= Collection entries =
——————————

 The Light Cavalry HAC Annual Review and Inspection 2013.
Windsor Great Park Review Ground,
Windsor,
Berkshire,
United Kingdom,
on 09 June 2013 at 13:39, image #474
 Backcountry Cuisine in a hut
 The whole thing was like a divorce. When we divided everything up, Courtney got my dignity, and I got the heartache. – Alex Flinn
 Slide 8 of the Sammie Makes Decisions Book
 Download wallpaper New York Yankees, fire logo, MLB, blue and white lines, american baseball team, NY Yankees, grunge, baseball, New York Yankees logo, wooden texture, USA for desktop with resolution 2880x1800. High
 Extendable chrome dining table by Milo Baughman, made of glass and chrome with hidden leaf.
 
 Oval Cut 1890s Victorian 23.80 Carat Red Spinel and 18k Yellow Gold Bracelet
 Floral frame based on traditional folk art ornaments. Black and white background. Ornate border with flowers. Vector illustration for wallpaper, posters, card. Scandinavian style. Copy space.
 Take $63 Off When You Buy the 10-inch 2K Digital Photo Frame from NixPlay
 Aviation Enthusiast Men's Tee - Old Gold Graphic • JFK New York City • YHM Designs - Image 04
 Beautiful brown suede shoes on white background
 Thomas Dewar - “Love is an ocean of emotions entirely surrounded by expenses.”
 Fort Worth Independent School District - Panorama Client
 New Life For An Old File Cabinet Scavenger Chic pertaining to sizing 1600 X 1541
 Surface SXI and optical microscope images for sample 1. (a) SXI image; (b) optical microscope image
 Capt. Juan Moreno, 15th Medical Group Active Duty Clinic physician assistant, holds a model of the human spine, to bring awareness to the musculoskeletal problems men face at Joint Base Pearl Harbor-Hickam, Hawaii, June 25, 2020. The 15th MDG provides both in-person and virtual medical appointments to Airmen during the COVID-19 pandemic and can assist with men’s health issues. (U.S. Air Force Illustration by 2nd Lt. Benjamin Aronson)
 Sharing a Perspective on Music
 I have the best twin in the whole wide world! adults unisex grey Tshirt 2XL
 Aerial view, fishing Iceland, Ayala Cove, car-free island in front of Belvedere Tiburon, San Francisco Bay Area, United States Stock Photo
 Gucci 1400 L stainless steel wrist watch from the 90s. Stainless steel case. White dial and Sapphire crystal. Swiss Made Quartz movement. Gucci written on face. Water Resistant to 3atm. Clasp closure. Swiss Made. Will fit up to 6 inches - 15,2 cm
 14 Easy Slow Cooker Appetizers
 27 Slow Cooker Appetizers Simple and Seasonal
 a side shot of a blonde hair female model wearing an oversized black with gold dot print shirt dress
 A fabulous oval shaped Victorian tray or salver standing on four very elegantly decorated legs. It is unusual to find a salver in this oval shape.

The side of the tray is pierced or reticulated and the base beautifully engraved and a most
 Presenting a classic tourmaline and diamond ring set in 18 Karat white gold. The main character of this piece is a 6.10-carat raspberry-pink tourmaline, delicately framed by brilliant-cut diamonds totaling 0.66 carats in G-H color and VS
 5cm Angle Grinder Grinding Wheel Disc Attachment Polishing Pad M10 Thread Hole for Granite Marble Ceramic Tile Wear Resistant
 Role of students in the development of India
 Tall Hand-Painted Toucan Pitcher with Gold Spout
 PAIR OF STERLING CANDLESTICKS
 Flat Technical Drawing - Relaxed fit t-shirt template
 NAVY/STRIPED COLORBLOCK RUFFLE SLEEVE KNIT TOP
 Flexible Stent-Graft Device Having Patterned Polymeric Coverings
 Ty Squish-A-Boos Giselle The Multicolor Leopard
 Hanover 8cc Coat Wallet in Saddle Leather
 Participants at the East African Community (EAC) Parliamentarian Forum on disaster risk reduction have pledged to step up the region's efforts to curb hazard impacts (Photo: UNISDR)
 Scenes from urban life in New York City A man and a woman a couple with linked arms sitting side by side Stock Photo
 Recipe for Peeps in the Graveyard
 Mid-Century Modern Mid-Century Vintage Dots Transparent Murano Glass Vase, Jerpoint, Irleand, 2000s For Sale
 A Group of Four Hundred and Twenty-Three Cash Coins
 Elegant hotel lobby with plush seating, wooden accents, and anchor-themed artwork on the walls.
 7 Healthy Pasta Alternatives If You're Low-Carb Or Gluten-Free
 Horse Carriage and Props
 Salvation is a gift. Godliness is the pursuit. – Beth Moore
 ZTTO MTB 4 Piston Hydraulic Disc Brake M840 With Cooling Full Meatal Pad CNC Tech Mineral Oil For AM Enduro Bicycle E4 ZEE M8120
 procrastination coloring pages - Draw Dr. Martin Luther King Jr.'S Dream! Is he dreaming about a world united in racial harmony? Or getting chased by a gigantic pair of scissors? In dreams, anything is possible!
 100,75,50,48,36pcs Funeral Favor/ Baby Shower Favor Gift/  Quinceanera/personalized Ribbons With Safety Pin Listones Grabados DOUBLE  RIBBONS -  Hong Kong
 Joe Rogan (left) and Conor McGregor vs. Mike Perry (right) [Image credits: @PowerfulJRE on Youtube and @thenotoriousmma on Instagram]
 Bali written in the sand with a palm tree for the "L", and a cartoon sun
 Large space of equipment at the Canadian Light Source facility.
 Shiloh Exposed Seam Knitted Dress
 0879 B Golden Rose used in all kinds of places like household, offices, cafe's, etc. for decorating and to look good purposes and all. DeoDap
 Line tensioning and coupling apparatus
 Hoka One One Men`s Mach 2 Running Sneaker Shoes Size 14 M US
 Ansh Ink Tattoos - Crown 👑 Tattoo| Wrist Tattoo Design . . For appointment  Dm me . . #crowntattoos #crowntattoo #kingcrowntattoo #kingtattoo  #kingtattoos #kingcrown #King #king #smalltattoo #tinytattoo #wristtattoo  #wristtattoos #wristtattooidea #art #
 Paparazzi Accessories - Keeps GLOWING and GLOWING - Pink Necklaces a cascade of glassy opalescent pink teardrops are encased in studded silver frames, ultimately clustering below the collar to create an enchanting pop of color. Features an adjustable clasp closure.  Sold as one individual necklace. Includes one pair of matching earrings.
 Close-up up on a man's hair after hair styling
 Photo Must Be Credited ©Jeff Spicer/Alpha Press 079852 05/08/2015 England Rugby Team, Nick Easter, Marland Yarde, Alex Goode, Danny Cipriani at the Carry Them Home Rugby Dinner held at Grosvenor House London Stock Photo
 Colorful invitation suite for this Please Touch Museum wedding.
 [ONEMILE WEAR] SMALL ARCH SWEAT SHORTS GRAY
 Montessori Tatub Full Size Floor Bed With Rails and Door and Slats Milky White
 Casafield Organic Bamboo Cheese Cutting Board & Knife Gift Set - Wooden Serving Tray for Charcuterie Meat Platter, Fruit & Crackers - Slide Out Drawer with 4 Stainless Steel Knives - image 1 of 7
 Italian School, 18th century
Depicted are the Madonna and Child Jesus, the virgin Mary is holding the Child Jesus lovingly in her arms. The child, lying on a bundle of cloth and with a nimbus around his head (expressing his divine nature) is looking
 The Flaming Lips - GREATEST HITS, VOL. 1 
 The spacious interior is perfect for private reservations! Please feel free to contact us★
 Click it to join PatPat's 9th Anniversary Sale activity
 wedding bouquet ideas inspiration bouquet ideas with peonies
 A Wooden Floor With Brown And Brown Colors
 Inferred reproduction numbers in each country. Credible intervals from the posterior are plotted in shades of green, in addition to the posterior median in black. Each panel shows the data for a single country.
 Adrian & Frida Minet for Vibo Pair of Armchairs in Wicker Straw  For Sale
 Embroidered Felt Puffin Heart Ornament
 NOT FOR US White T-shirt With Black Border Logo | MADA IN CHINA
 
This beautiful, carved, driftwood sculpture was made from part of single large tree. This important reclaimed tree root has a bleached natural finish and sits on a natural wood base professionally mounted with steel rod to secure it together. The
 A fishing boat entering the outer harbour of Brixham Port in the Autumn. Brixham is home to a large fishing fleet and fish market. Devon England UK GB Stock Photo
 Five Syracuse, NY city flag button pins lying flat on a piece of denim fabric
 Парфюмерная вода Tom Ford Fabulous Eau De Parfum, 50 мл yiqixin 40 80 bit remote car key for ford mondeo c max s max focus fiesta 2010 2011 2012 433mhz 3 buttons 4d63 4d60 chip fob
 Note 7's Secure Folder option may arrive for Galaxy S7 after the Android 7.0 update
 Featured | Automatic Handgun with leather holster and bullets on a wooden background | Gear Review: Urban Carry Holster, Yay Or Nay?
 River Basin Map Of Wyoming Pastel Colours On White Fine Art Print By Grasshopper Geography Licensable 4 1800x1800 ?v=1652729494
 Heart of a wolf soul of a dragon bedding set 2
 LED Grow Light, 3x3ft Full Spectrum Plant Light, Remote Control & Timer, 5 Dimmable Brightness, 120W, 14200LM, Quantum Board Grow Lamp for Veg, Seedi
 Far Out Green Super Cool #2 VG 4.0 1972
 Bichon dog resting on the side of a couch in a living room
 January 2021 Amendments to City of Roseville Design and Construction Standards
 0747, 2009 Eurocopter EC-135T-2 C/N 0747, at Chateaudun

——————————

= What is needed =
Beginning of the records through the line with "Slide 8 of the Sammie Makes Decisions Book": return that span exactly and stop there.

= Result of the task =
 The Light Cavalry HAC Annual Review and Inspection 2013.
Windsor Great Park Review Ground,
Windsor,
Berkshire,
United Kingdom,
on 09 June 2013 at 13:39, image #474
 Backcountry Cuisine in a hut
 The whole thing was like a divorce. When we divided everything up, Courtney got my dignity, and I got the heartache. – Alex Flinn
 Slide 8 of the Sammie Makes Decisions Book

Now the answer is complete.